It is incredibly brave for a female student to speak out against their accuser especially if their accuser is someone powerful.
But from the media reports concerning sexual harassment at Makerere university in which some lecturers were accused, one could clearly see some power dynamics at play.
The dynamics at play included those of the lecturer and student, and those between men and women. As is the case with social media, it was not hard to find many blaming the survivors.
Some said, the survivors “asked for it” and others put the blame on poor parenting. Same old arguments, right? I personally don’t buy those arguments.
First, to suggest that the survivors in some way asked for the assaults, is simply a furtherance of the essentialists categorisation of women or women problems in our society.
Parenting too could be a subjugating factor when it comes to women issues. Of course, “good parenting” as term can be subjected to several interpretations.
But the traditional way of raising the girl-child is geared towards ensuring that the girl-child is submissive to a man. This also adds to the power dynamics of keeping the woman in an unfair position in society.
In many cases as in the above, the female student may feel trapped because of threats from the lecturer. In the media reports, the accusers vividly explained how they were lured into unwanted sexual acts by their lecturers using threats if they spoke out.
This is not the first time such accusations have surfaced from the same institution. It is the nightmare of every parent who sends their child to study at the university but only to learn of how their daughter was taken advantage of by someone in a powerful position.
To the survivor, it takes a lot of guts to speak out against the accused. Even harder, to narrate their ordeal before any third party or even to their own parents because of stigma.
Research suggests that for some, having power tends to decrease the mental capacities of those in power to contemplate their behaviours over others. A lecturer sexually assaulting a student is a clear example of how power can be disconnecting in society. Even so, it is a clear misuse of power.
It is even worse when there are several accusers as in the case of a lecturer subject to investigation. I must stress however, that most of the lecturers act professionally and strive for most part of their careers to educate many Ugandans who in turn benefit the country.
The real impact of sexual assaults on the survivors should not be under estimated as those affected have to live with the consequences.
It takes someone brave because, the accused as a lecturer, is someone in a power position as opposed to the survivor who is a student as in this case. The power lies with the lecturer who has a secure job. It is he who has the key to the student´s success or the key for the students acquiring a job in the future.

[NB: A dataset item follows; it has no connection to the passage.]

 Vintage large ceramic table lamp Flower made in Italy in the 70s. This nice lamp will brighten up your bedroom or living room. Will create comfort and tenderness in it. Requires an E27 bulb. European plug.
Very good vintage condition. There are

The lecturer too, being the expert who imparts his knowledge to the student puts the student in a more unfair power position.
We also live in a society where everything is steered through androcentric eyes where the man, at least culturally is given special preference to a woman.
If a woman reports sexual abuse, they are more likely to be blamed more than the accused. At least as the case with one of the interviewees in one of the reports and also judging by some social media posts.
The fact that the abused faces a trial by public or some sections of the media, attests to the power dynamics from a societal perspective. No co-incidence however, that all the survivors alleging sexual abuse were female in the reports. This all comes down to one thing, power.
Power misused to exploit one in an unfair position. But other factors could through intersectionality play a part in this like gender, culture and identity.
Due to power disparities between the survivors and the accused persons, it makes it hard for the survivors to report abuse to the authorities because of stigma. For the survivors, co-operation with the authorities might not be easy not with court either for fear of facing their accusers.
Court documents are public documents that can easily be accessed by anyone so, there could be a risk of compromising the survivor´s identities.
The hegemonic masculinity of our society ensures that sexual misconduct goes on unabated. The solutions however are never very far from us.
Campaigns like #ME TOO cannot bring this to an end, but they could help highlight this problem.
Such campaigns could help change the way we think about sexual assault and could challenge some of these power dynamics.
As a society, problems affecting women should be given the same weight as any other problem affecting the society.
Open debates concerning sexual harassment in higher institutions of learning focusing on differentiating between what is okay and when one over-steps the boundaries should be frequent.
Ultimately, sexual misconduct at higher institutions of learning could be ended through an education that calls on one to challenge social structures like power or gender roles in society.